日産がルノーの軍門に下ったワケ

日産Z、スカイラインGT-R、180SXといった名車は、「90年代までに運動性能を世界一にする」ことを目指す日産の取り組み―「901運動」と呼ばれる―が実を結んだものだった。

続いて90年に登場した初代プリメーラは、ヨーロッパで通用するセダンとして開発され、イギリス工場から日本に逆輸入された。901運動は数々の名車を生んだが、国内首位のトヨタを突き上げるほどには、日産の売り上げに貢献しなかった。世界一の運動性能と言われても、車好きではない人はあまり興味がなかったのである。

苦境に陥った日産は座間工場と村山工場を閉鎖したが、状況は改善しなかった。日産ディーゼルをベンツに売却しようとし、あわよくばベンツとの提携を望んだが、すでに紹介したとおり、ベンツは土壇場で米クライスラーを選んでしまった。米フォードには資金があるが、マツダ再建のときと同様、アメリカ人社長を日産に送り込んでくる可能性がある。残るのは、ルノーだけである。

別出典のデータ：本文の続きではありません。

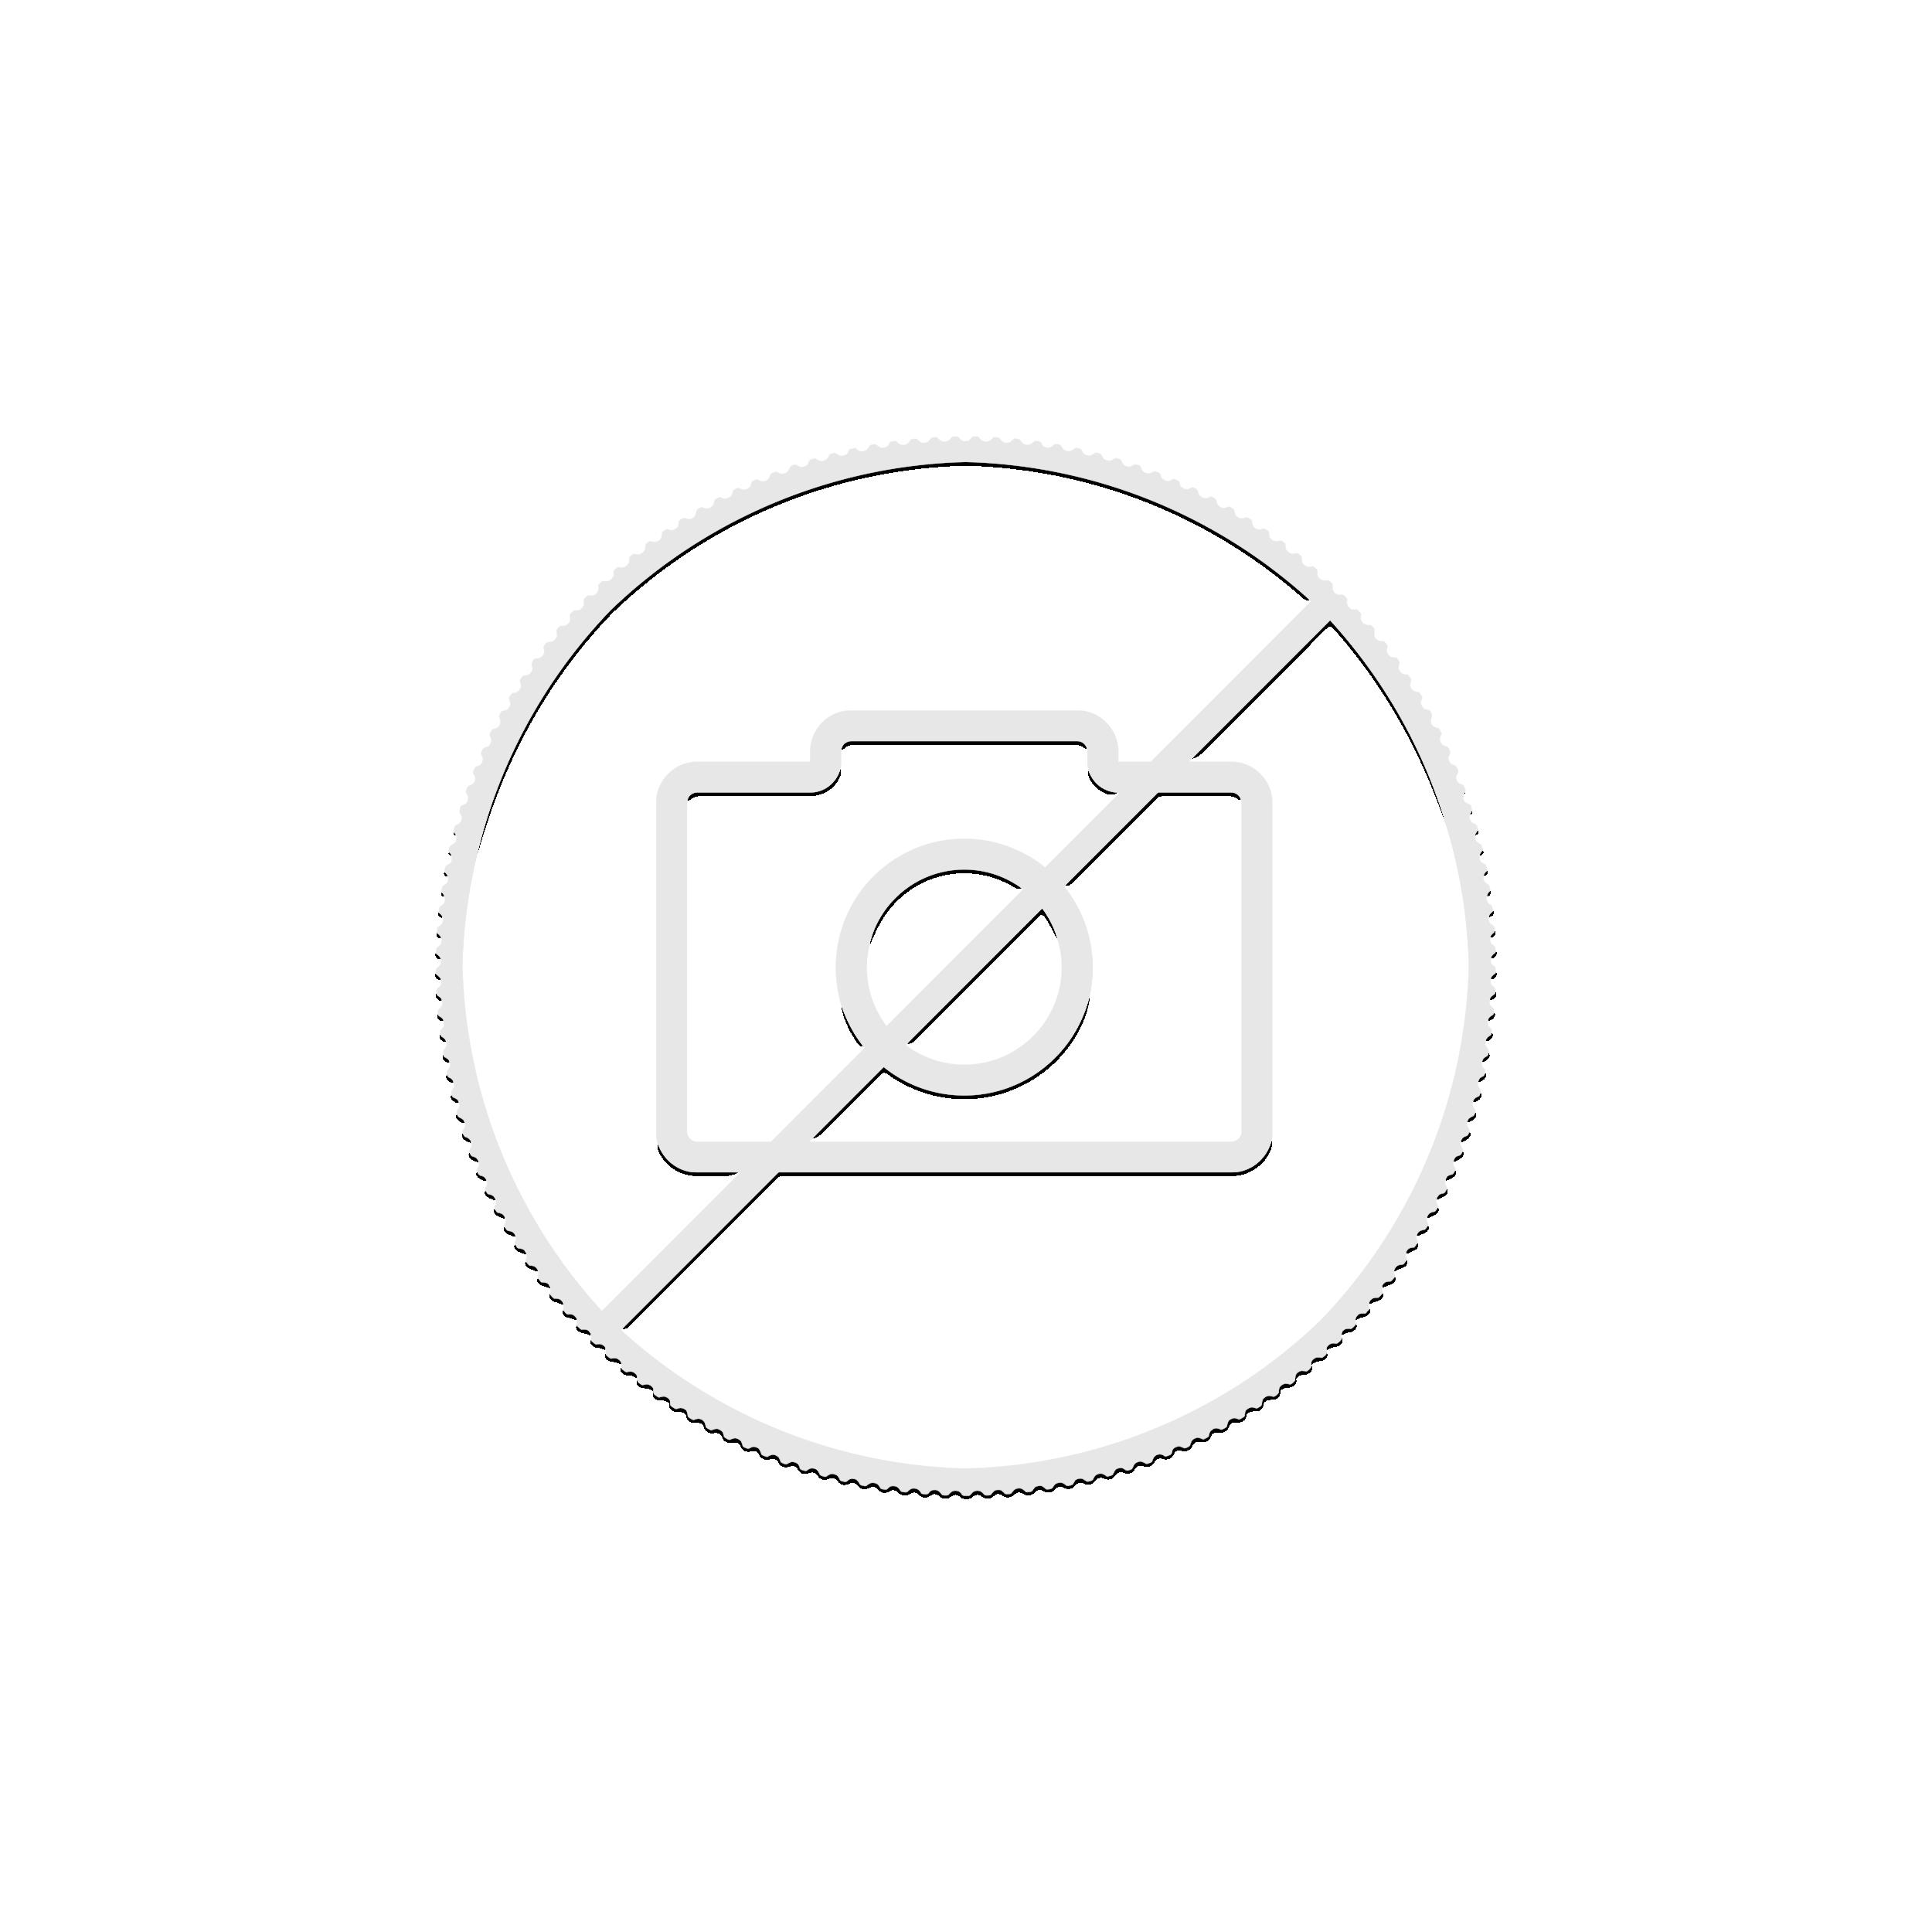 Gouden 50 Euro muntstuk Nederland 2004 Jubileum munt Amalia

日産はルノーが申し出た金額の倍近い額の出資を要求したが、ルノー(およびフランス政府)は国を挙げてこれを工面した。99年3月、ルノーは日産株36.8%を買収して経営権を握り、社長にカルロス・ゴーンを任命した。現在も続く、ルノー・日産連合の誕生である。ルノーは、かねてより弱かったアジア市場の攻略のため、日産を頼った。日産社員は当初、フランス語を習わされたとの話も聞く。
※ 日産とルノーは2023年11月8日、資本関係の見直しが完了し、ルノーが保有する日産株式43.4%を15%に引き下げ、相互に15%ずつ出資とし、両社が対等に議決権を行使できる新たなアライアンスへ移行したことを発表した。

ゴーンはレバノン系ブラジル人であり、子供のときにリオデジャネイロからベイルートに家族で移住した。技術者としてエコール・ポリテクニークとパリ国立高等鉱業学校を修了後、ミシュランに就職、欧州各地での生産管理を経て、故郷リオデジャネイロで南米事業の立て直しを任された。わずか二年でこれを終えると、北米ミシュラン社長に就任した。

当人いわく、このときにミシュラン・タイヤを履かせた日産Zに乗っていたのが、日産との縁である。この頃にはすっかり「コスト・カッター」の異名が定着し、91年に民営化したばかりのルノーの合理化のため、96年に副社長に迎えられた。

ゴーンは日産リバイバルプランに基づき、「部品をグローバルに調達する」との掛け声の下、それまでの系列取引を無視し、大ナタを振るった。日産を破産直前からわずか2年で立て直したゴーンを、米『ニューヨーク・タイムズ』紙は「ミスター修理屋」と呼んだ。

徹底したコスト削減と社員のリストラが進むなか、2003年、静かに役割を終えた車があった。日産プレジデント(3代目)である。正確には、03年以降もプレジデント(4代目)は生産・販売された。

しかしそれは「プレジデント」とは名ばかりの、シーマと多くの部品を共用する代物だった。1965年以来続いた日産の旗艦の血統が、3代目プレジデントで途絶えた。「不沈艦」時代の、最後の大将旗だった。そして2010年、姉妹車シーマのモデルチェンジと共に、プレジデントの名前も消えた。

ゴーンはその後、イギリス工場に納品するイギリス製の現地部品をルノー系列にすり替え、コスト削減を終始徹底したため、イギリスと大陸側の諸国の間に亀裂が入った。イギリスのEU離脱の是非を問う2016年6月の国民投票において、工場の立地するサンダーランド選挙区で61%の有権者が「離脱」に票を投じた。